A survey among freshman at a certain university revealed that the number of hours spent studying the week before final exams was normally distributed with mean 25 and standard deviation 15. A sample of 36 students was selected. What is the probability that the average time spent studying for the sample was between 26.2 and 30 hours studying?

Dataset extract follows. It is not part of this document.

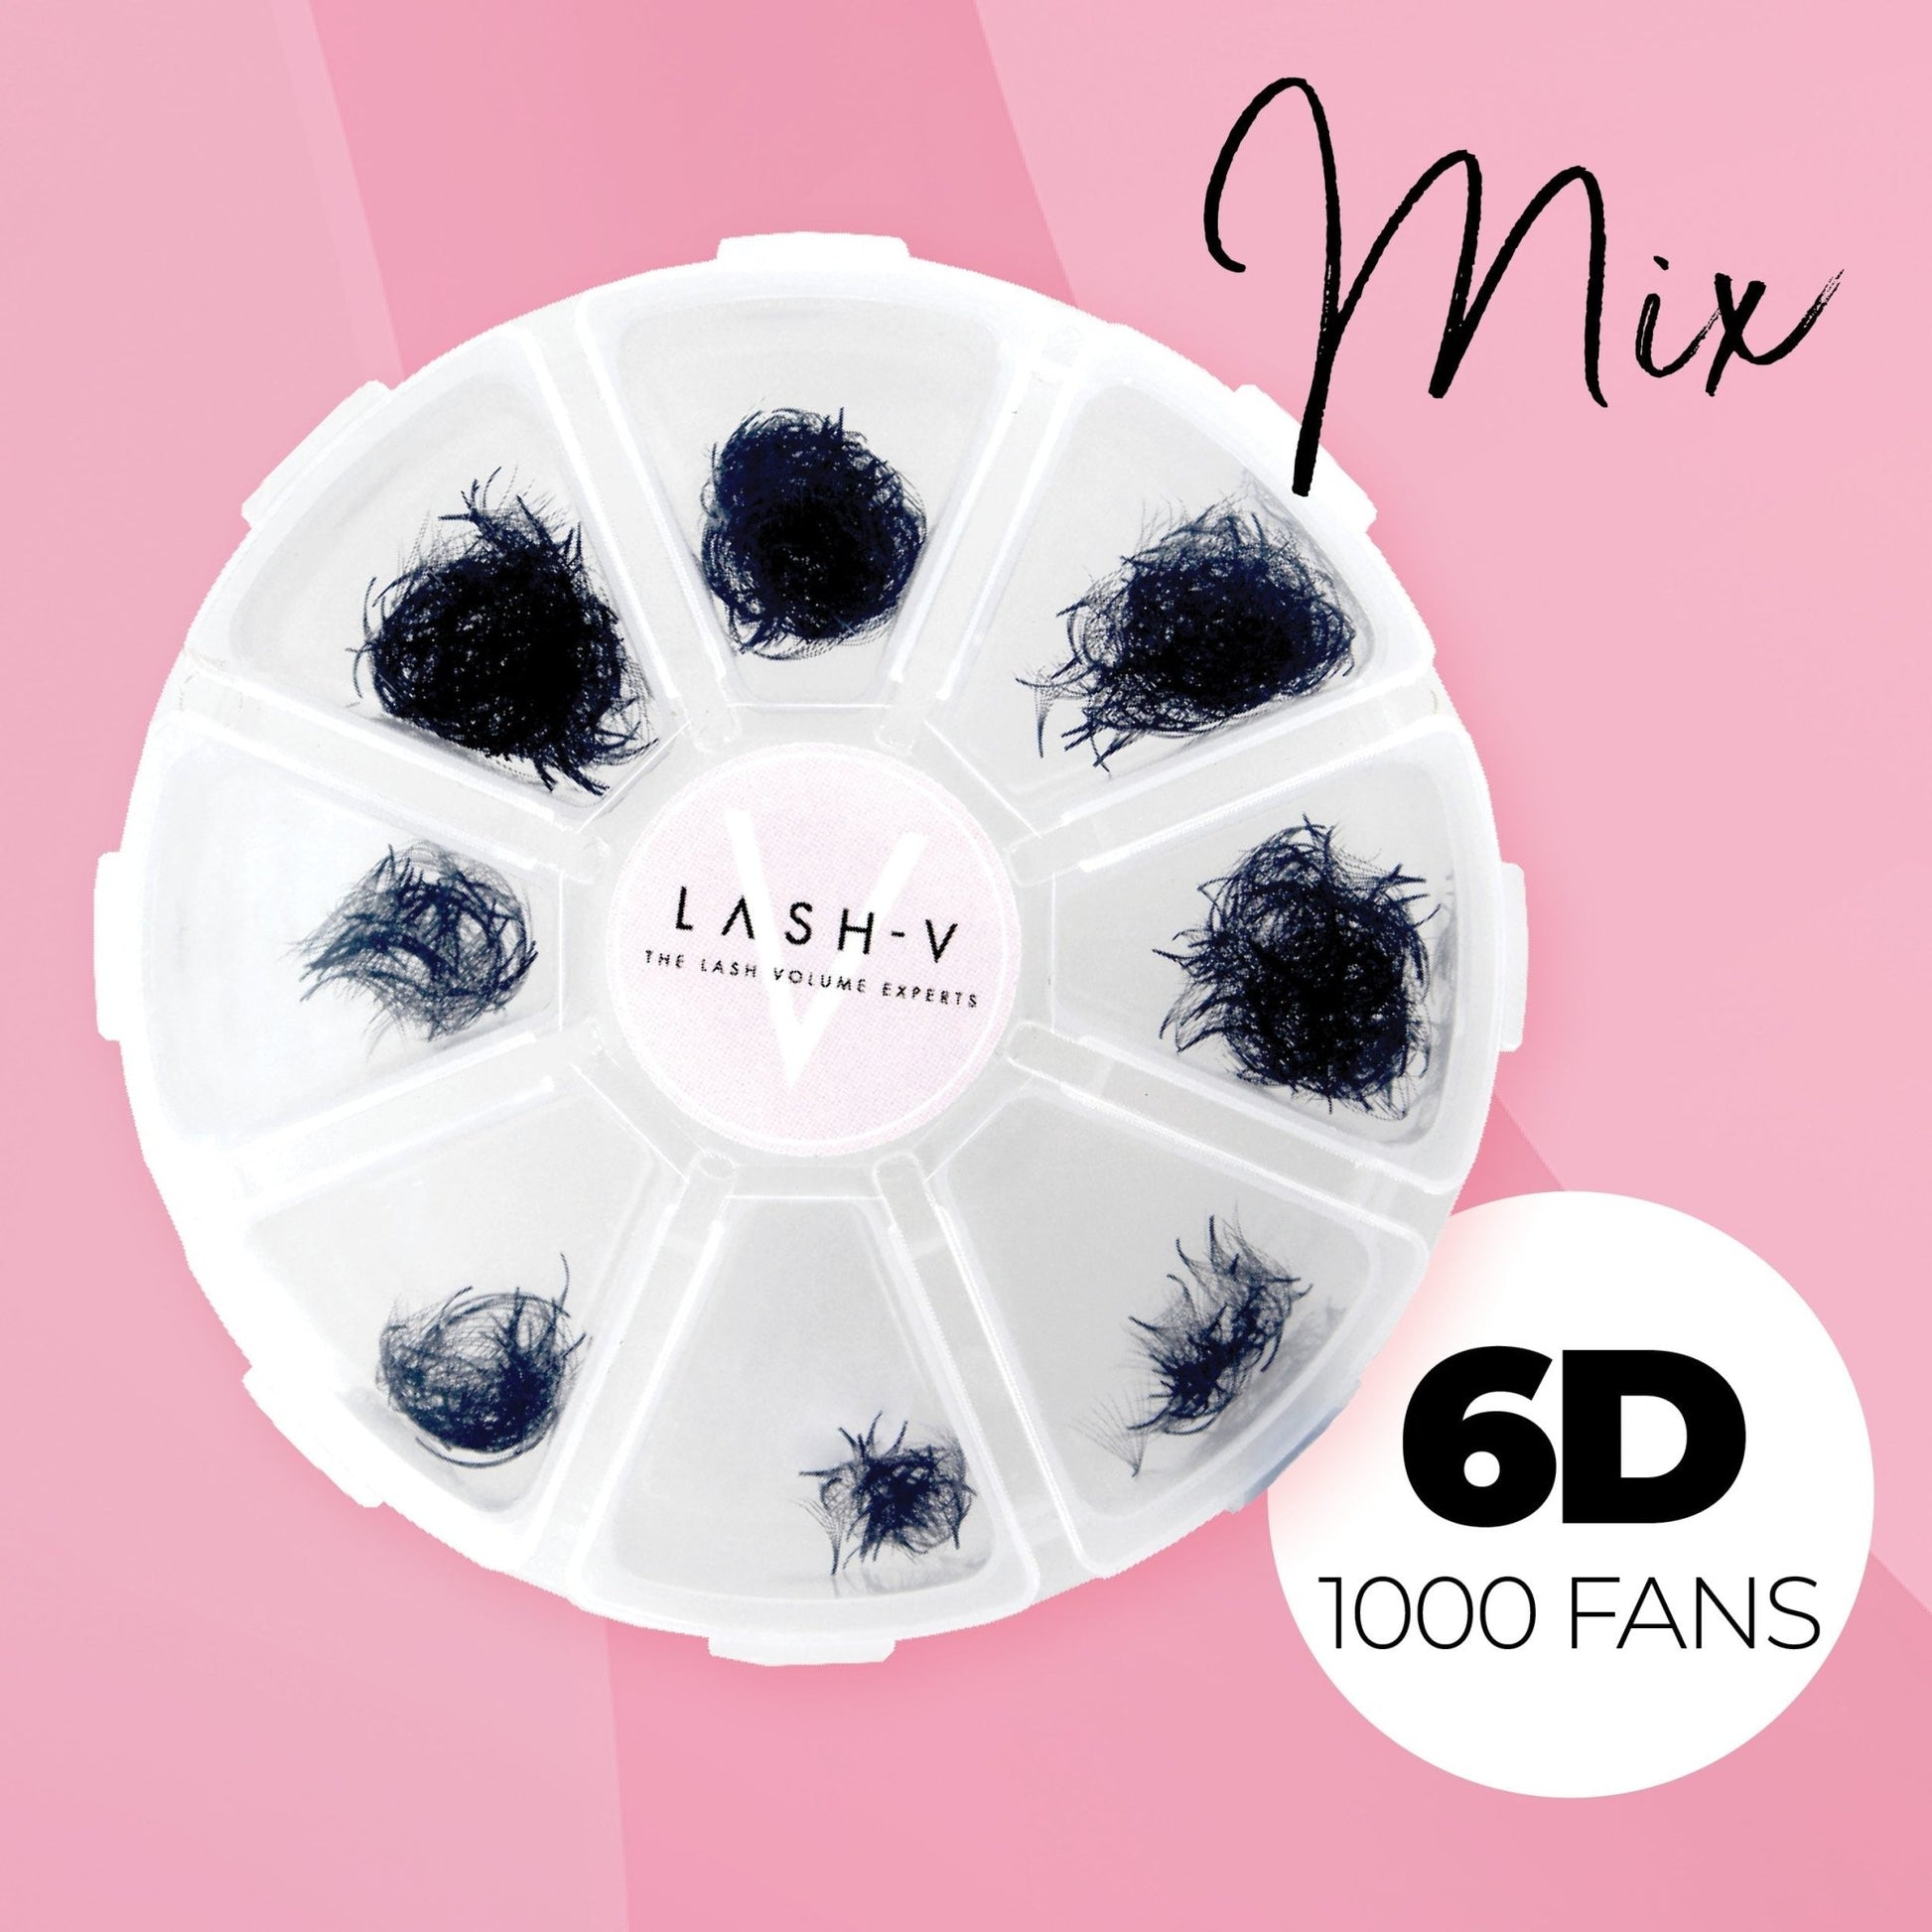 6D Promade Loose - 1000 Mix Fans - One V Salon

Write only a number as you answer. Round to 4 decimal places.
Use same process, but calculate both Z scores first, then use the table.
To find the probability that the average time spent studying for the sample was between 26.2 and 30 hours studying, we need to calculate the z-scores and then use the z-table.
First, find the z-score for 26.2 hours:
z1 = (26.2 - 25) / (15 / √36)
z1 = (26.2 - 25) / (15 / 6)
z1 = (26.2 - 25) / 2.5
z1 = 1.2 / 2.5
z1 = 0.48
Next, find the z-score for 30 hours:
z2 = (30 - 25) / (15 / √36)
z2 = (30 - 25) / (15 / 6)
z2 = (30 - 25) / 2.5
z2 = 5 / 2.5
z2 = 2
Now, look up these z-scores in the z-table. The probability between these two z-scores represents the probability that the average time spent studying for the sample was between 26.2 and 30 hours.
Using the z-table or a calculator, we find that the area to the left of z = 0.48 is 0.6844, and the area to the left of z = 2 is 0.9772.
Therefore, the probability that the average time spent studying for the sample was between 26.2 and 30 hours studying is:
0.9772 - 0.6844 = 0.2928
Rounded to 4 decimal places, the probability is approximately 0.2928.
To find the probability that the average time spent studying for the sample was between 26.2 and 30 hours, we need to standardize the values using the Central Limit Theorem and then use the Z-table.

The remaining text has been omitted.